Emergono nuovi dettagli sull’accoltellamento del 12enne avvenuto martedì sera a Ponticelli.
Dopo l’identificazione del 13enne indicato come presunto autore del ferimento, dalle indagini dei carabinieri affiora ora il retroscena che avrebbe preceduto l’aggressione: una lite nata su WhatsApp, alimentata da provocazioni, insulti e messaggi minacciosi.
Quello che inizialmente era apparso come un litigio improvviso tra due giovanissimi sarebbe stato invece l’epilogo di uno scontro iniziato diverse ore prima in una chat di gruppo. I due, ex compagni di scuola, si sarebbero poi dati appuntamento in via del Flauto Magico, nel rione Conocal, per un chiarimento faccia a faccia finito nel sangue.
Dalla chat all’incontro in strada
Secondo quanto ricostruito dai carabinieri della stazione di Ponticelli, il botta e risposta tra i due ragazzini sarebbe andato avanti per ore tra offese e provocazioni.
Poi la decisione di incontrarsi. L’appuntamento sarebbe stato fissato nel cuore del rione Conocal, tra le 21.40 e le 23. Quello che doveva essere un confronto diretto sarebbe però degenerato rapidamente.
Dalle parole si sarebbe passati alla colluttazione, fino a quando il 13enne avrebbe estratto una lama, descritta dalla vittima come un coltello a farfalla, colpendo il 12enne più volte al torace.
La prima versione: “Sono caduto sui vetri”
Quando è arrivato all’ospedale Villa Betania, poco dopo le 23, il dodicenne avrebbe inizialmente cercato di nascondere quanto accaduto.
Ai medici e ai militari avrebbe raccontato di essere caduto su alcuni vetri trovati per strada. Una versione che non ha convinto gli investigatori e che è stata progressivamente smentita dagli accertamenti.
Il ragazzino ha poi ricostruito la vicenda, spiegando come il confronto nato in chat fosse sfociato nell’aggressione.
Il ricovero e le dimissioni
Il 12enne è stato assistito in un primo momento all’ospedale evangelico Villa Betania e successivamente trasferito al Santobono.
I medici gli hanno riscontrato tre ferite lacero-contuse nella zona del torace. Dopo essere rimasto sotto osservazione, è stato dimesso con una prognosi di dieci giorni.

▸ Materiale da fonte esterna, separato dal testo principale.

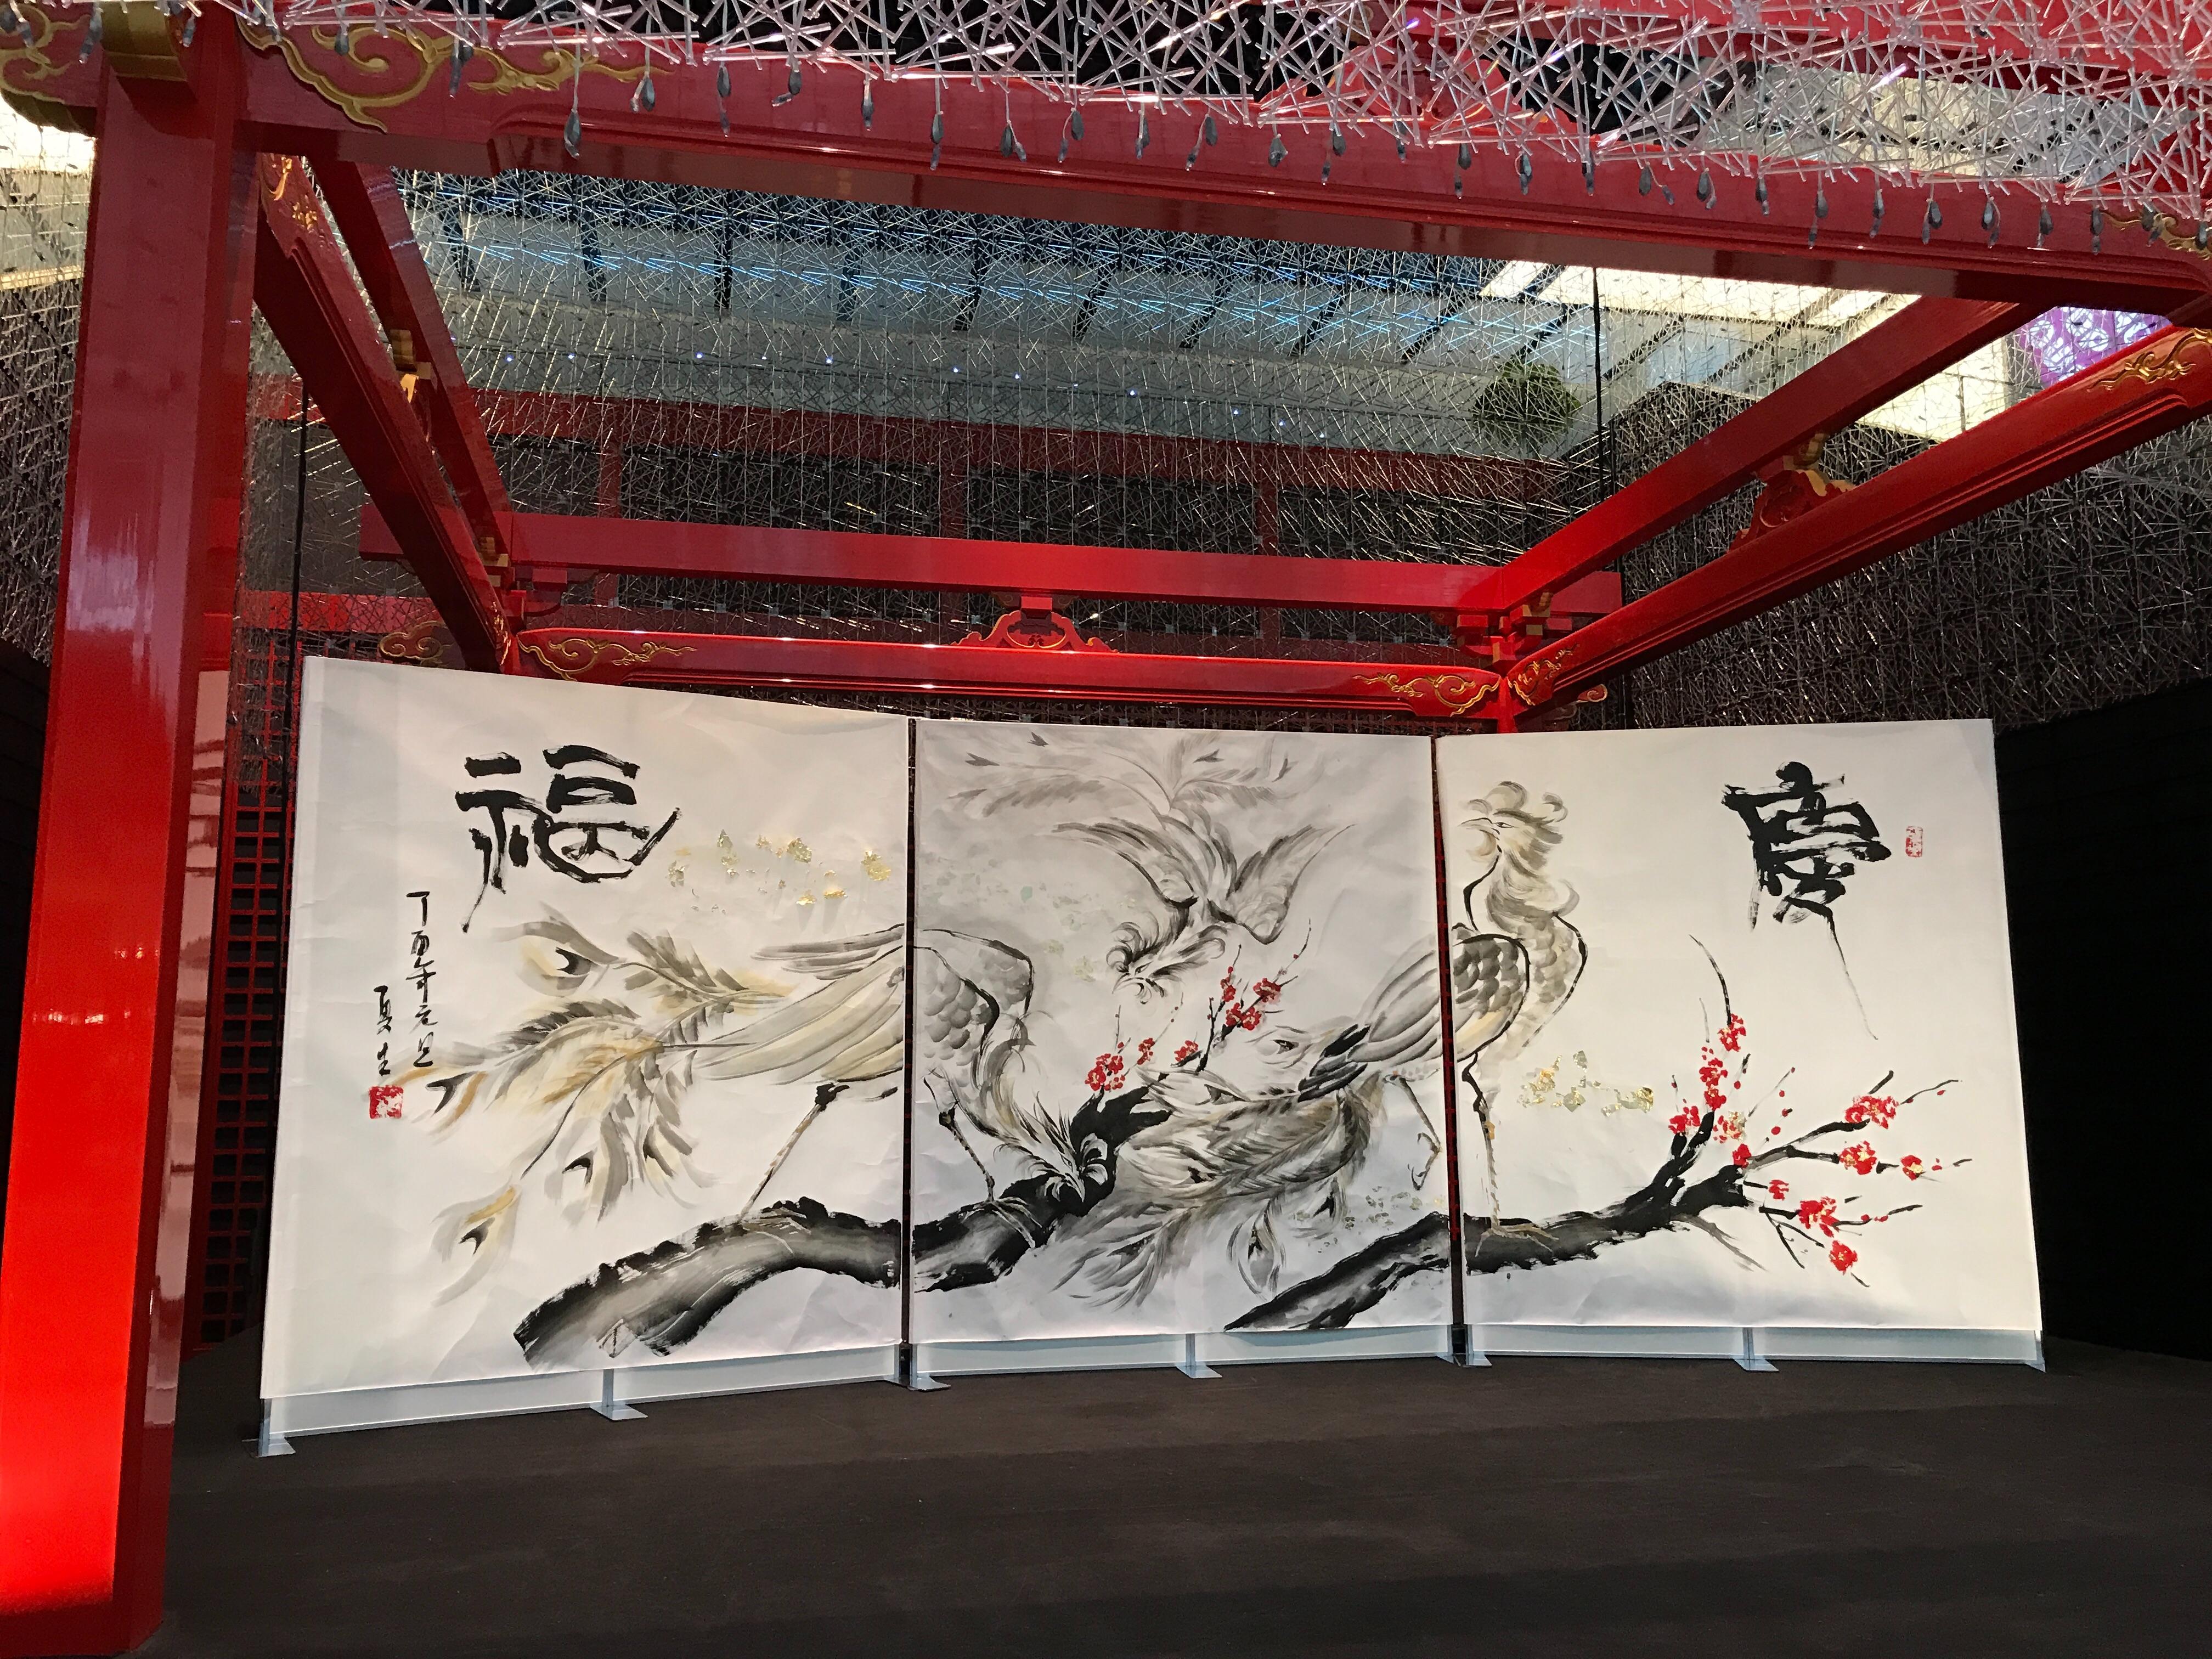 f:id:tomohiko37_i:20170108183944j:image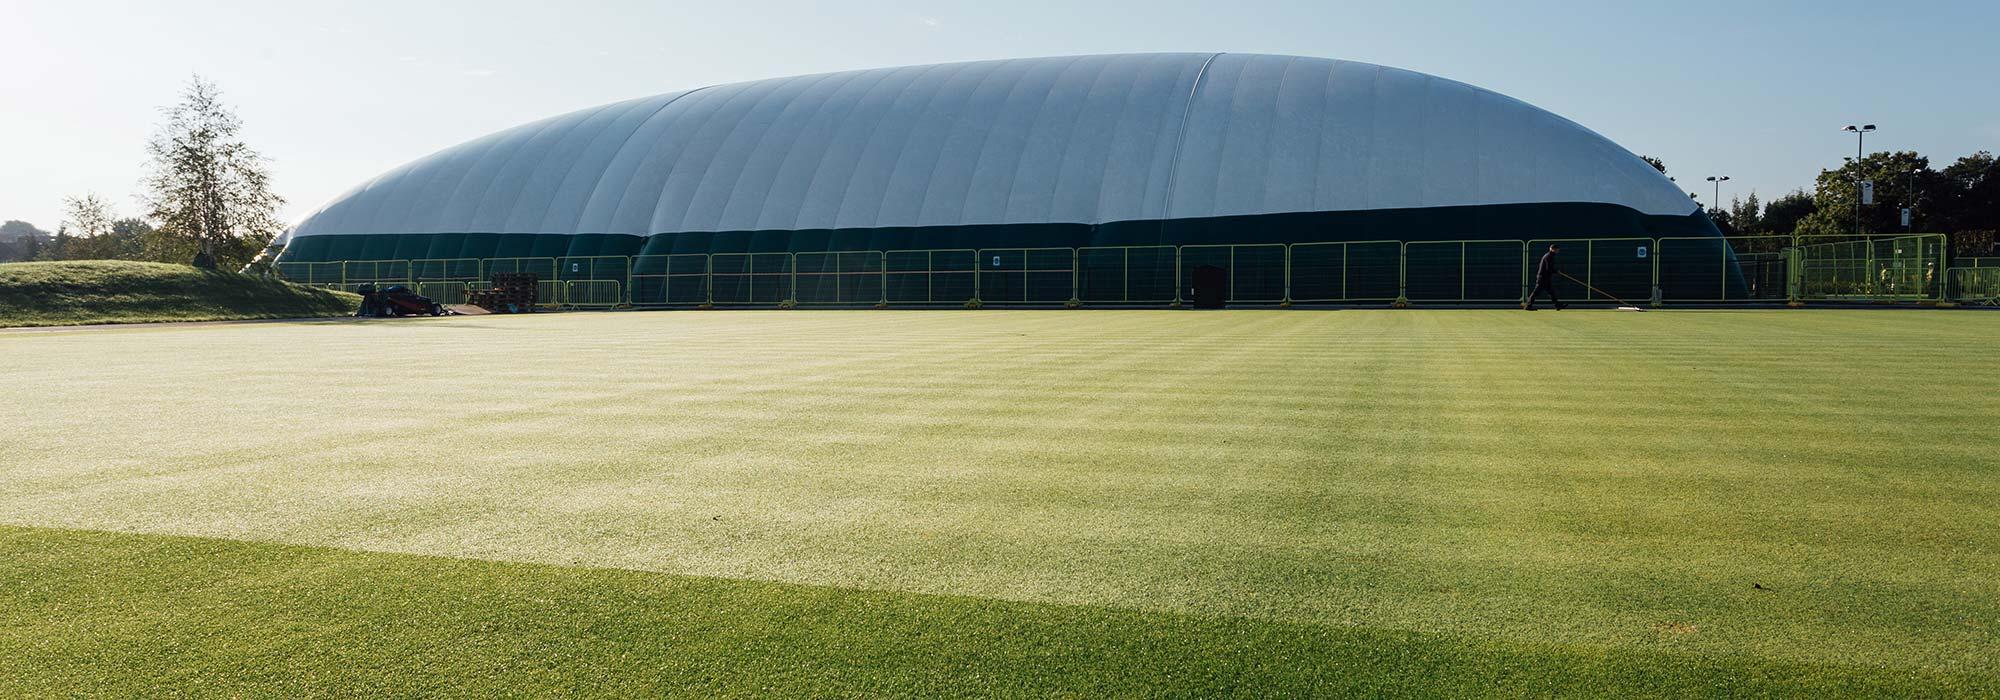 Grass Tennis Court Construction Photo

Il 13enne identificato in poche ore
Le indagini si sono sviluppate su due fronti. Da una parte, i carabinieri hanno raccolto la testimonianza della vittima e ricostruito le ore precedenti al ferimento. Dall’altra, hanno effettuato sopralluoghi in via del Flauto Magico e ascoltato alcune persone presenti nella zona.
L’incrocio tra i racconti e gli elementi raccolti ha consentito di identificare in poche ore il presunto aggressore, un 13enne del quartiere ed ex compagno di scuola del ferito. Il coltello utilizzato nell’aggressione non sarebbe stato ancora ritrovato.
Il ruolo della madre del 12enne
Determinante sarebbe stato anche il contributo della madre della vittima, arrivata in ospedale dopo essere stata avvertita da alcune persone del quartiere.
La donna avrebbe sostenuto il figlio nel momento in cui ha deciso di raccontare la verità e collaborare con i carabinieri, aiutandolo a ricostruire quanto accaduto.
La vicenda alla magistratura minorile
Il 13enne, per l’età, non è imputabile. La sua posizione è stata comunque segnalata all’autorità giudiziaria e gli atti sono stati trasmessi alla magistratura minorile.